Two hundred eighty-one women enrolled between 20 and 31 gestational weeks were randomized to raltegravir- or efavirenz-based cART and followed for ≥4 weeks. A low rate of weight gain was defined as <0.18 kg/wk and high as >0.59 kg/wk. We compared weight gain and BMI increase between treatment arms using Kruskal-Wallis tests. Logistic regression was used to investigate the association between weight gain and APOs.

RESULTS

Raltegravir-based cART was associated with significantly higher antepartum weight gain (median 0.36 kg/wk versus 0.29 kg/wk, P = 0.01) and BMI increase (median 0.14 kg/m 2 /wk versus 0.11 kg/m 2 /wk, P = 0.01) compared with efavirenz-based treatment. Women on raltegravir had less low weight gain (18% versus 36%) and more high weight gain (21% versus 12%) ( P = 0.001). Women with low weight gain were more likely than those with normal weight gain to have small for gestational age infants or a composite of APOs.

CONCLUSIONS

A raltegravir-based antiretroviral regimen was associated with significantly higher antepartum rate of weight gain and BMI increase compared with efavirenz-based treatment in antiretroviral-naive pregnant women.

摘要

背景

整合酶抑制剂与妊娠体重过度增加有关,这可能导致不良妊娠结局(APOs)。
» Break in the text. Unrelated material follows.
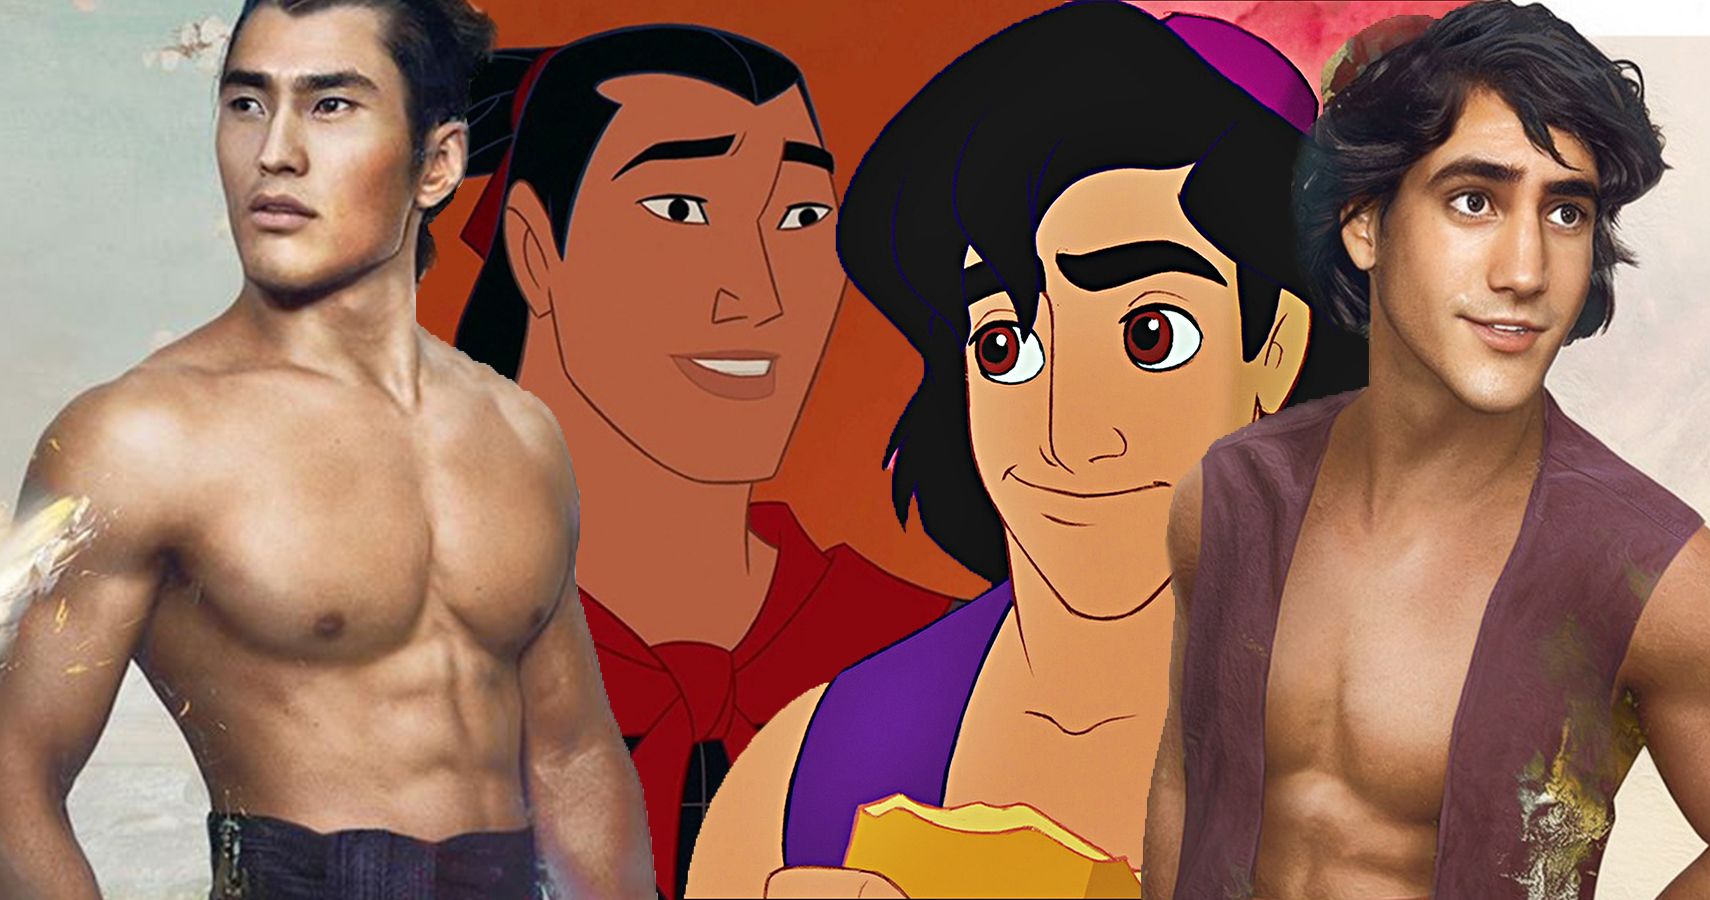 Top 10 Disney Princes’ Reimagined As RealLife Character Art

本研究对 NICHD P1081 进行了事后分析,比较了接受拉替拉韦或依非韦伦为基础的联合抗逆转录病毒治疗(cART)的孕妇在妊娠期间体重和体重指数(BMI)的变化,并研究了体重增加率与 APOs 之间的关系。

地点

NICHD P1081 在巴西、坦桑尼亚、南非、泰国、阿根廷和美国招募了在妊娠第二和第三个三个月感染 HIV 的抗逆转录病毒初治孕妇。

方法

281 名在 20-31 孕周时入组的孕妇被随机分配到拉替拉韦或依非韦伦为基础的 cART 组,并随访≥4 周。低体重增长定义为 <0.18kg/周,高体重增长定义为 >0.59kg/周。我们使用 Kruskal-Wallis 检验比较了治疗组之间的体重增长和 BMI 增加。使用逻辑回归调查体重增加与 APOs 的关系。

结果

与依非韦伦为基础的治疗相比,拉替拉韦为基础的 cART 与显著更高的产前体重增长(中位数 0.36kg/周 vs 0.29kg/周,P=0.01)和 BMI 增加(中位数 0.14kg/m 2 /周 vs 0.11kg/m 2 /周,P=0.01)相关。拉替拉韦组的低体重增长(18% vs 36%)更少,高体重增长(21% vs 12%)更多(P=0.001)。低体重增长的女性与正常体重增长的女性相比,更有可能生育小于胎龄儿或出现 APOs 的复合结局。

结论

与依非韦伦为基础的治疗相比,拉替拉韦为基础的抗逆转录病毒方案与初治妊娠妇女产前体重增长和 BMI 增加率显著增加有关。